In the largest group arrest on November 29 at approximately 8:00 pm, 20 Kenyan police officers began house-to-house arrests in Kawangware, a so-called slum neighborhood to the southwest of Nairobi. More than 50 refugees were arrested, and some described being beaten during the arrests. All were pushed into two waiting trucks, among them Sudanese and Congolese refugees, including children. Several other refugees avoided arrest by paying bribes to the police. Among those arrested were two Congolese refugee women with UNHCR-issued documents granting them permission to remain in Nairobi for security reasons. They were waiting for resettlement to a third country, which was necessary because they were judged to be in danger in Kenya.

"Refugees in Kenya are often at risk because of potential violence from criminal elements. It turns out they are also under threat from the Kenyan police who should be protecting refugees, not abusing them," said Alison Parker, a refugee expert and author of Human Rights Watch's recent report on abuses against refugees living in Nairobi and Kampala.

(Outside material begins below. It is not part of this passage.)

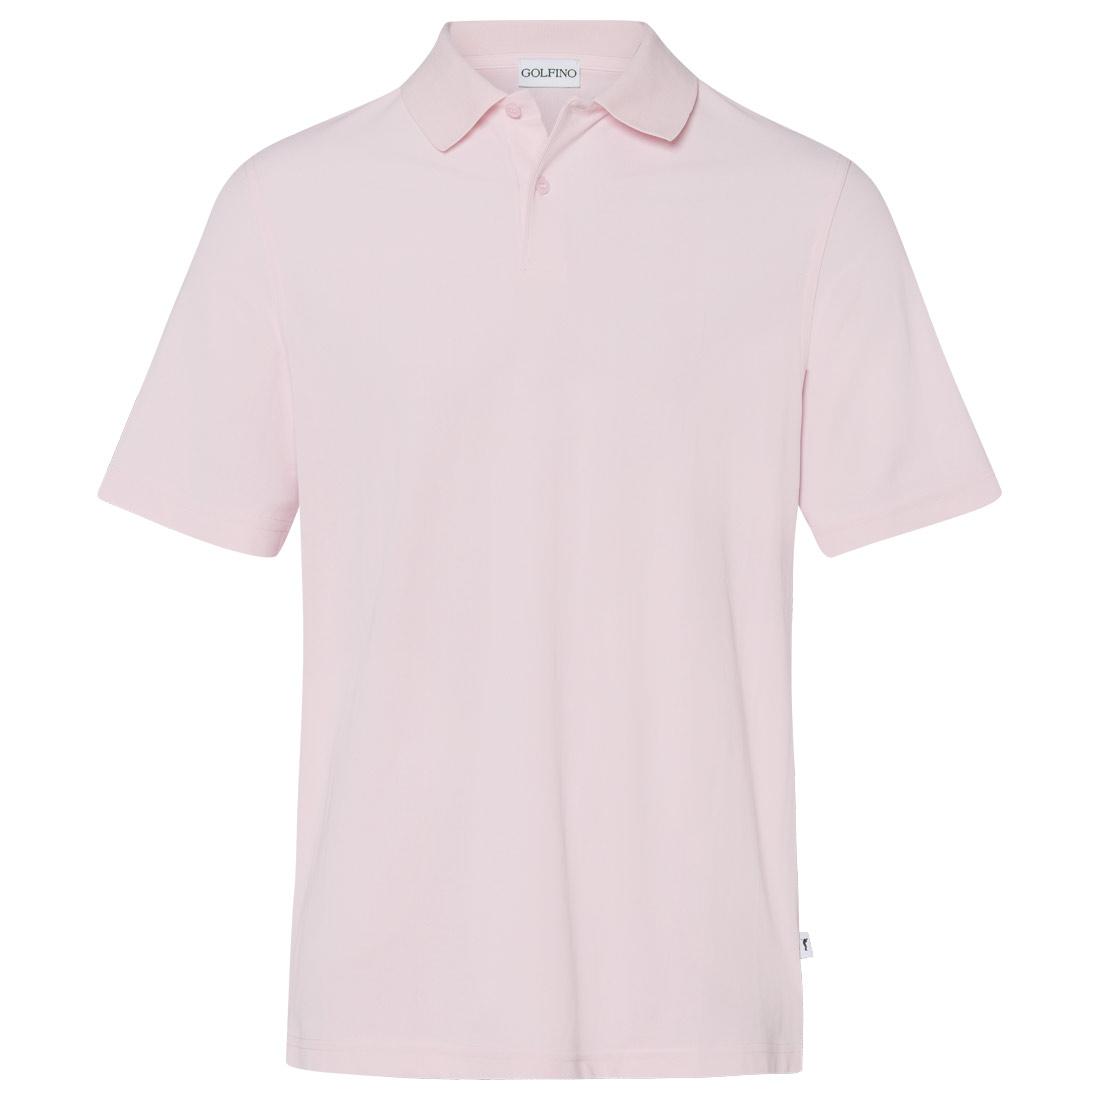 Extra Dry Kurzarm Golf Poloshirt

"Refugees are also vulnerable to violence at the hands of 'security' agents from their home countries," Parker said.

All 54 Sudanese and Congolese refugees spent the night in a 40-by-30 meter cell at the Muthangari station in Nairobi. Conditions were deplorable, according to a UNHCR official who visited the station. One Congolese refugee woman was arrested along with her child, and she counted some eight other children who were detained along with their mothers. Refugee women were also forced to clean the jail during their time in detention. UNHCR was not allowed access to the refugees until midday on November 30, when the documented refugees were released. Some of the Sudanese refugees remain in detention.

The recent round of arrests is just the latest example where the Kenyan police have committed rights violations against refugees. Police at the Muthangari station told UNHCR officials that the Mombassa crimes were the rationale for the crackdown, but the authorities have made no official link between the Mombassa attacks and this group of detained refugees in Nairobi. To our knowledge, no refugee was charged with criminal acts or terrorist-related activities.

"Acts of violence, however terrible, never justify a government roundup of refugees. Kenya will not help improve its international image by scapegoating marginal groups such as refugees," Parker said.

Similar crackdowns against refugees occurred in September 1998, in October 2001, twice in February 2001, and in May 2002. In the aftermath of the Mombassa attacks and in the lead-up to Kenya's elections later this month, Human Rights Watch called on the Kenyan police to stop arbitrarily arresting and detaining refugees and otherwise violating their human rights.